HOW TO COMPLETE THIS TASK
Retype, exactly as they appear below, the lines between the line holding "Vista dall'alto verso" and the line holding "Woxer Womens Boxer", both ends included.

SOURCE RECORDS

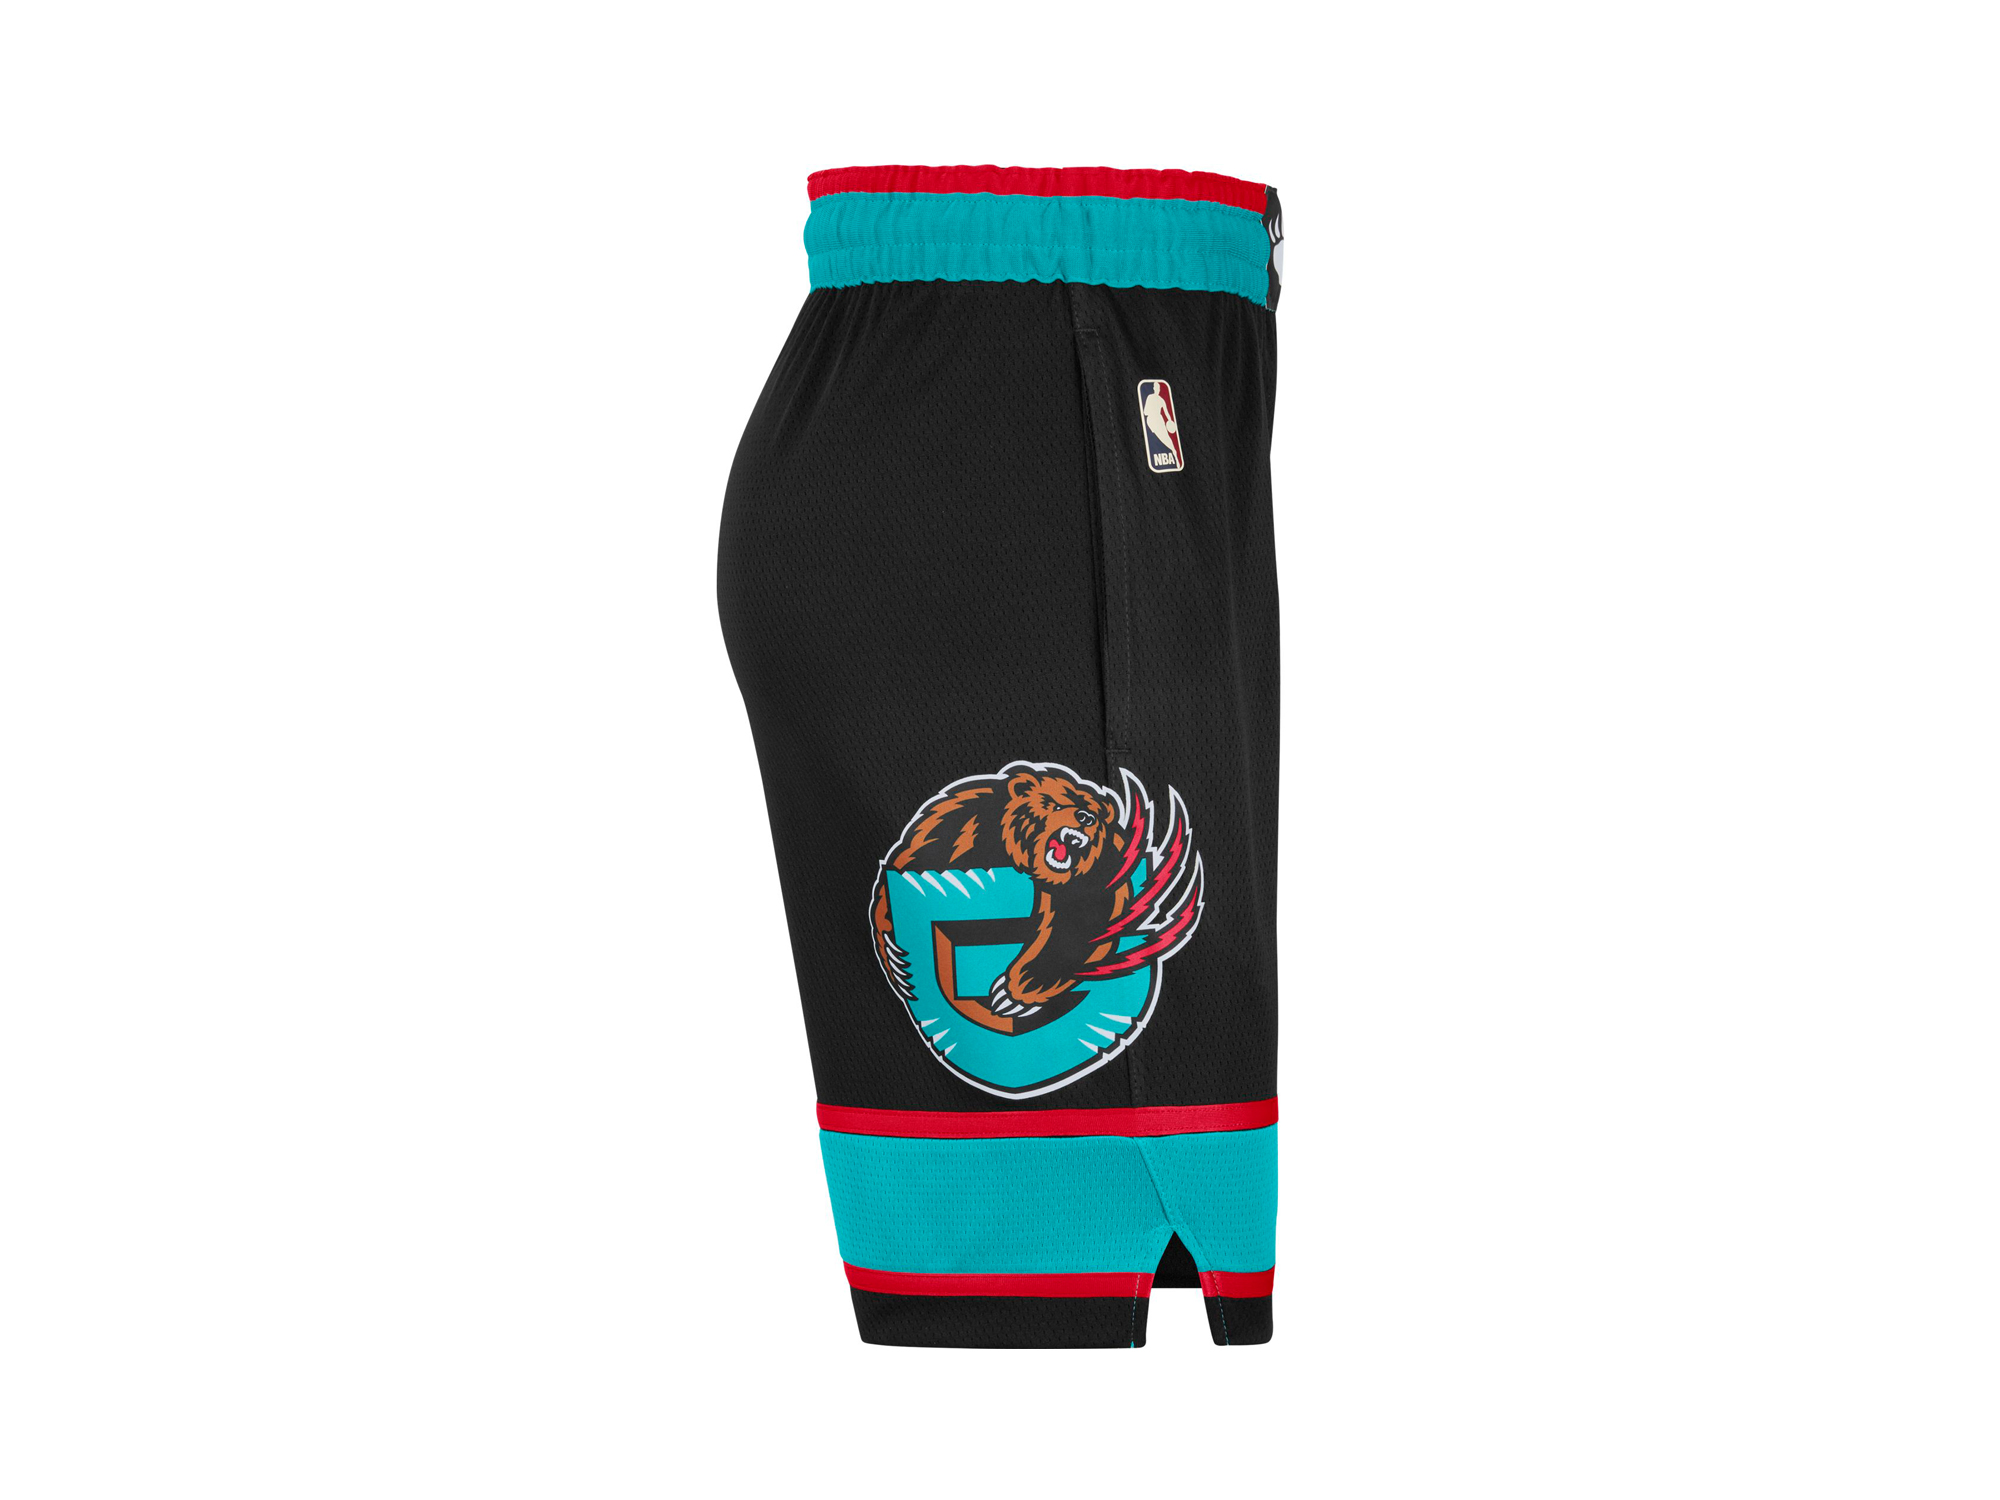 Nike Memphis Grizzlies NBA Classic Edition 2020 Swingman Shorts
...
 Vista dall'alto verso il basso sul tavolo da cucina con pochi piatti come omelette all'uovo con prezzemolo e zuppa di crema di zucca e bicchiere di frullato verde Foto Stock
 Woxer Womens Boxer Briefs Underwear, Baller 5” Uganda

TASK SOLUTION
 Vista dall'alto verso il basso sul tavolo da cucina con pochi piatti come omelette all'uovo con prezzemolo e zuppa di crema di zucca e bicchiere di frullato verde Foto Stock
 Woxer Womens Boxer Briefs Underwear, Baller 5” Uganda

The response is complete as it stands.